AI-powered lending for Colombian businesses, with Viviana Siless
More than 50% of the economic activity is informal in Latin America, and so, because of that, they don't have access to capital for growing their businesses.
And what we are trying to do is to help out to Yeah, to make it a little bit more fair for economic growth for everybody.
Obviously, you can do it with a pen and paper, but you know, I can say from experience, or at least the experience that we have, that doing it manually really doesn't work! And so really our scoring, what we are building, is to try to analyse the informal business.

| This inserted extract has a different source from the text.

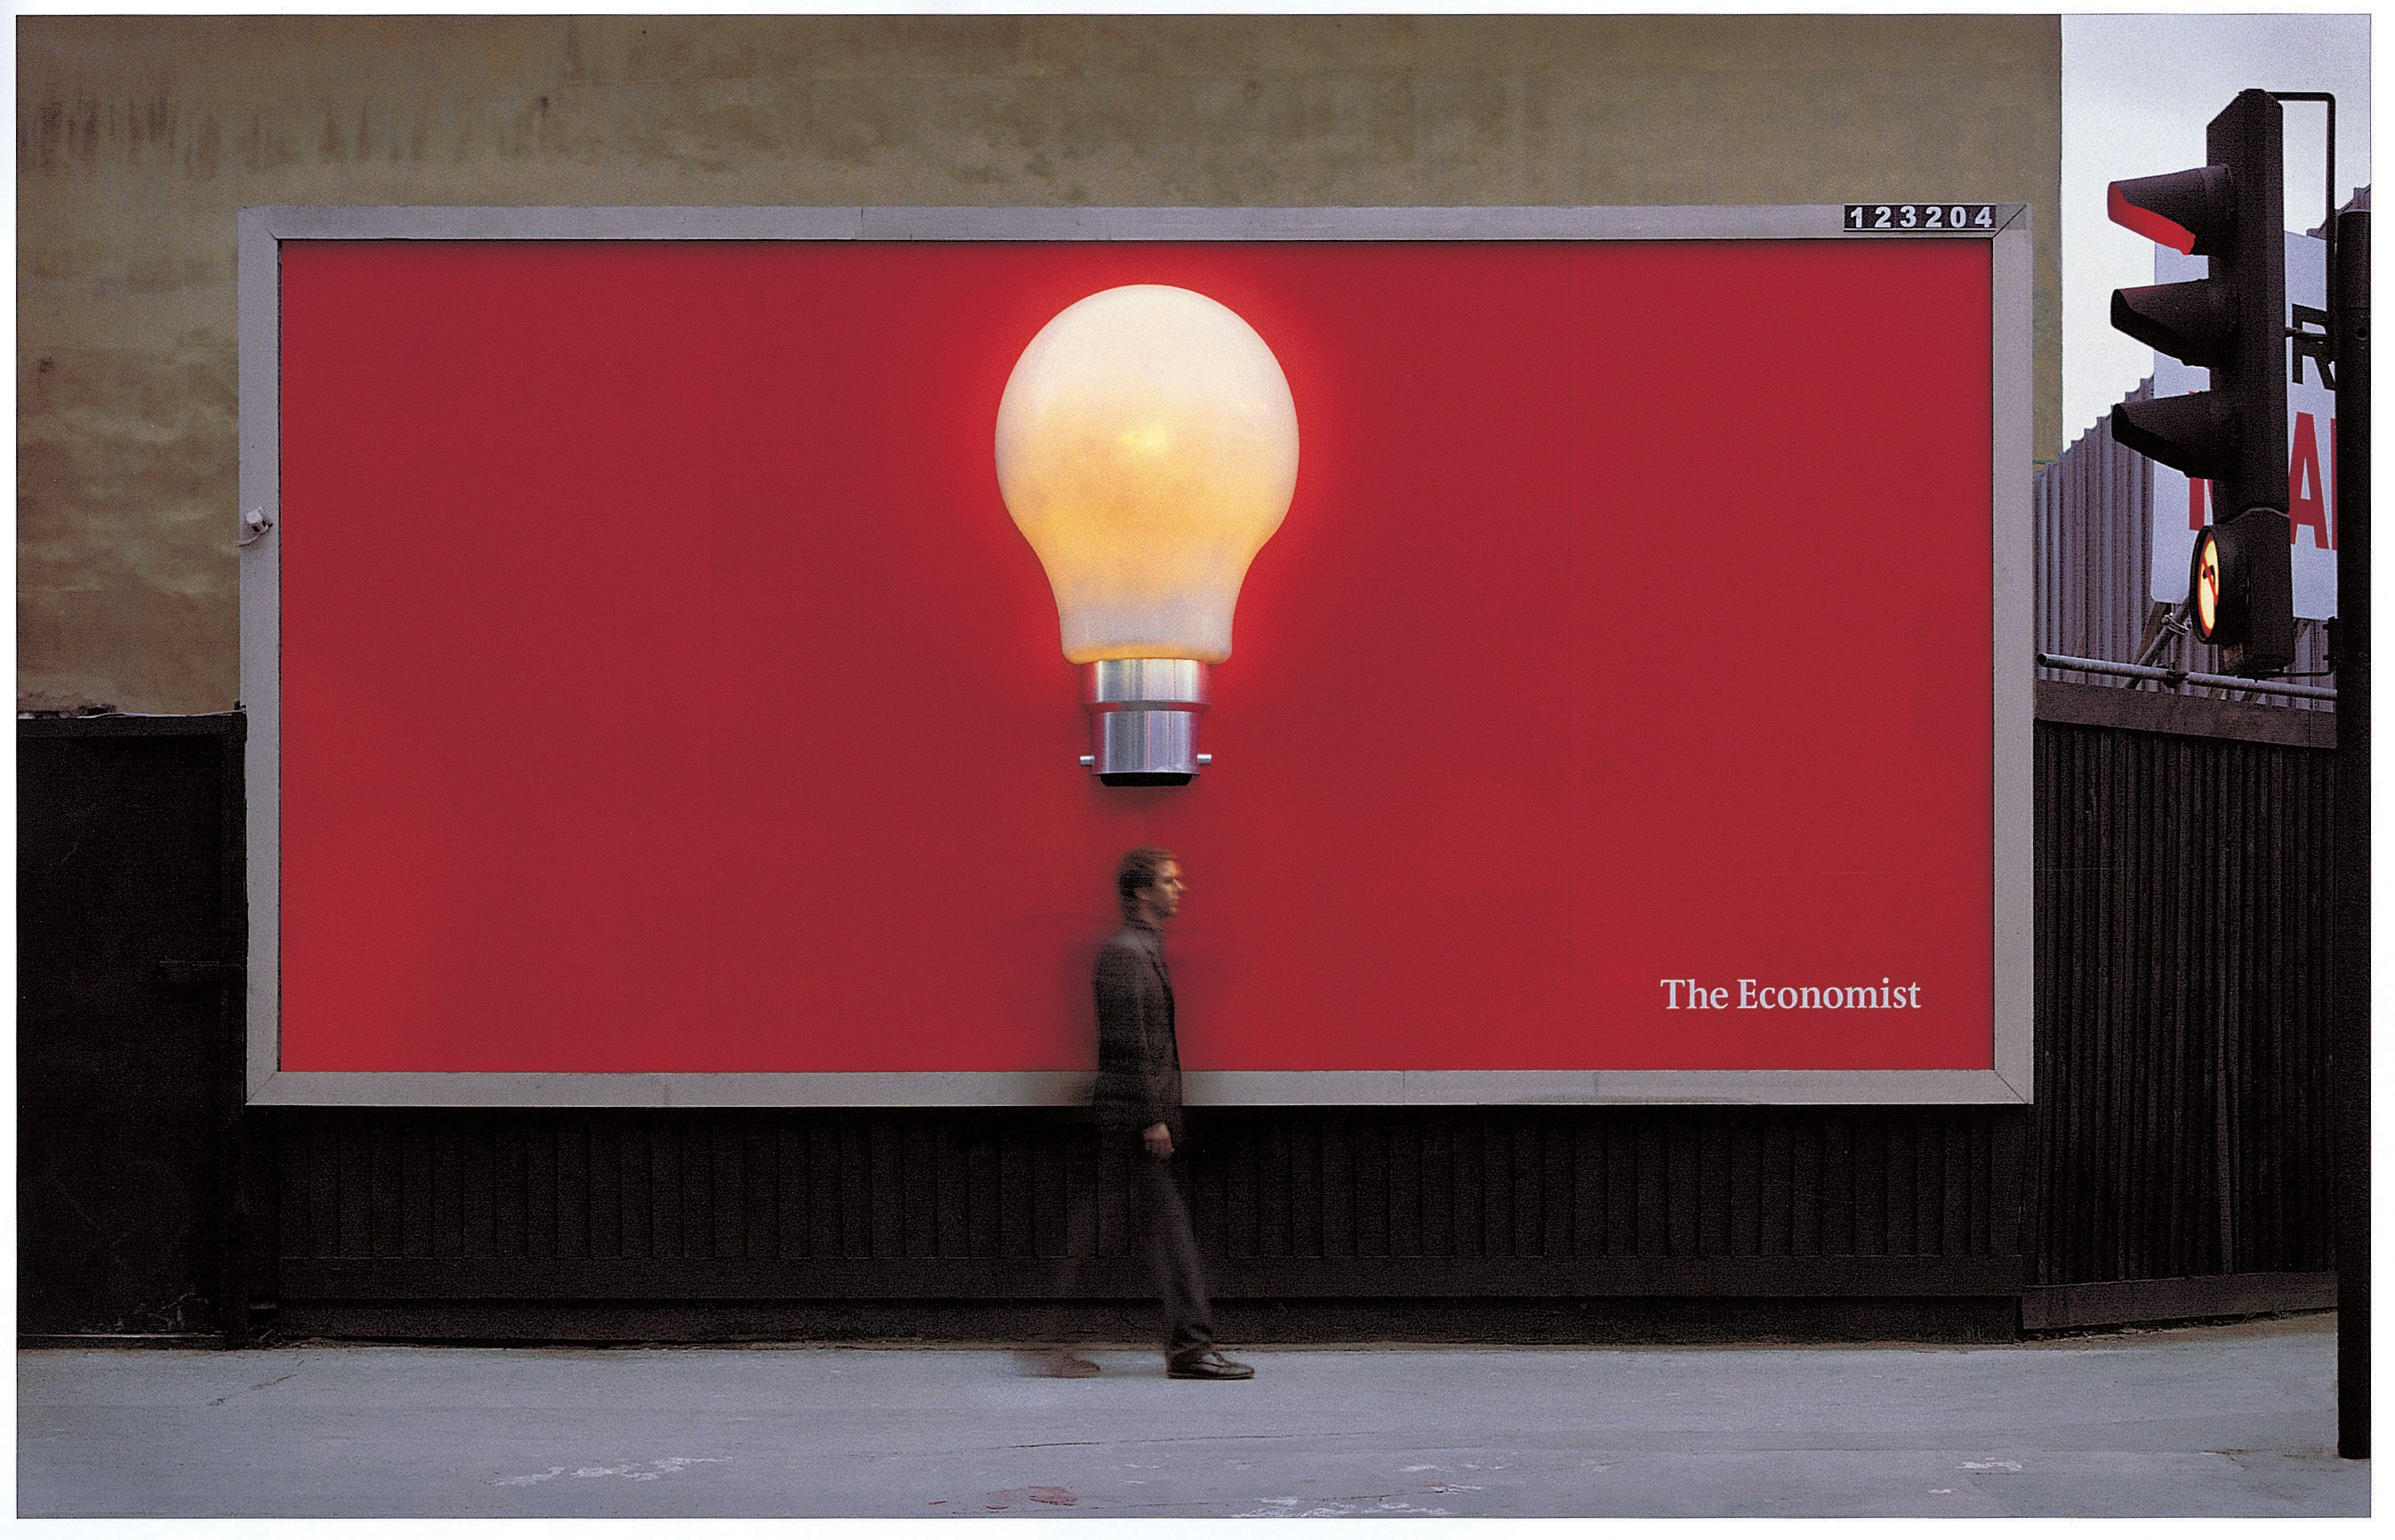 economist_billboard.jpeg (2693×1732)

Bridges to Credit: Alternative Data and Inclusive Finance, with Santiago Espinoza
And I said, come on, what are you talking about? Everybody in Mexico has a mobile phone and in the region is the same, the same scenario.
So at the end, they are producing the little prints, I will say every second every minute of their day. So with alternative data, now they have the opportunity to go after this population.
Cross-border BNPL in Brazil, with Vinícius Vieira
Each time where I think that this cross border space between Brazil and the world has reached its maximum I'm wrong: every year it just keeps growing steadily and steadily and steadily.
79% of Brazilian consumers typically would divide their purchases into instalments. So this is a reality has been a reality. Now, we are also integrated with NuPay, which offers the user the capability to make a purchase with an offshore motion, and have the interest rate defined by no bank itself in the checkout process.
What we're focused on is to make the financial products available for merchants that don't have a local entity and a local structure in Brazil, so that they can great for the consumer base the same experience that our local ecommerce player can provide.
Pioneering fintech in Uruguay, with Mateo Infantozzi
At the end of the day, what happens is that all the companies that were doing peer-to-peer lending, had to stop because the business model was not able to continue in the way the central bank wanted to do it. Fortunately for us, we were able to keep up our business: we already had a really good platform, that today is a loan management platform that we are offering to banks, to startups, financial institutions, to onboard to originate new credit lines, and to administrate manage those loans.
So basically from 2018 to today, and we will continue on this path: developing and selling our loan management system as a software as a service.
And beginning with Prezzta, what we're trying to do here is try to think and trying to innovate and help people. And as we like to say, without a doubt, we help to develop the FinTech industry.
Gamifying a route to an ongoing credit relationship, with Jorge Enriquez
So we did this that at the beginning, the very first experiments, the very first beta test, is if you want to borrow from Credilikeme, you need to post on your wall and have 10 friends vouch for you.
And then, like that, we came up with this term of crowdsourcing your credit score.
Definitely, that was non-scalable.
It was challenging, operational wise, but we learned a lot of the willingness, we learned a lot about the willingness of people to prove they're credit worthy when there isn't enough information. And we learn that if we create this circle of trust with our user base, they would be willing to share stuff with us.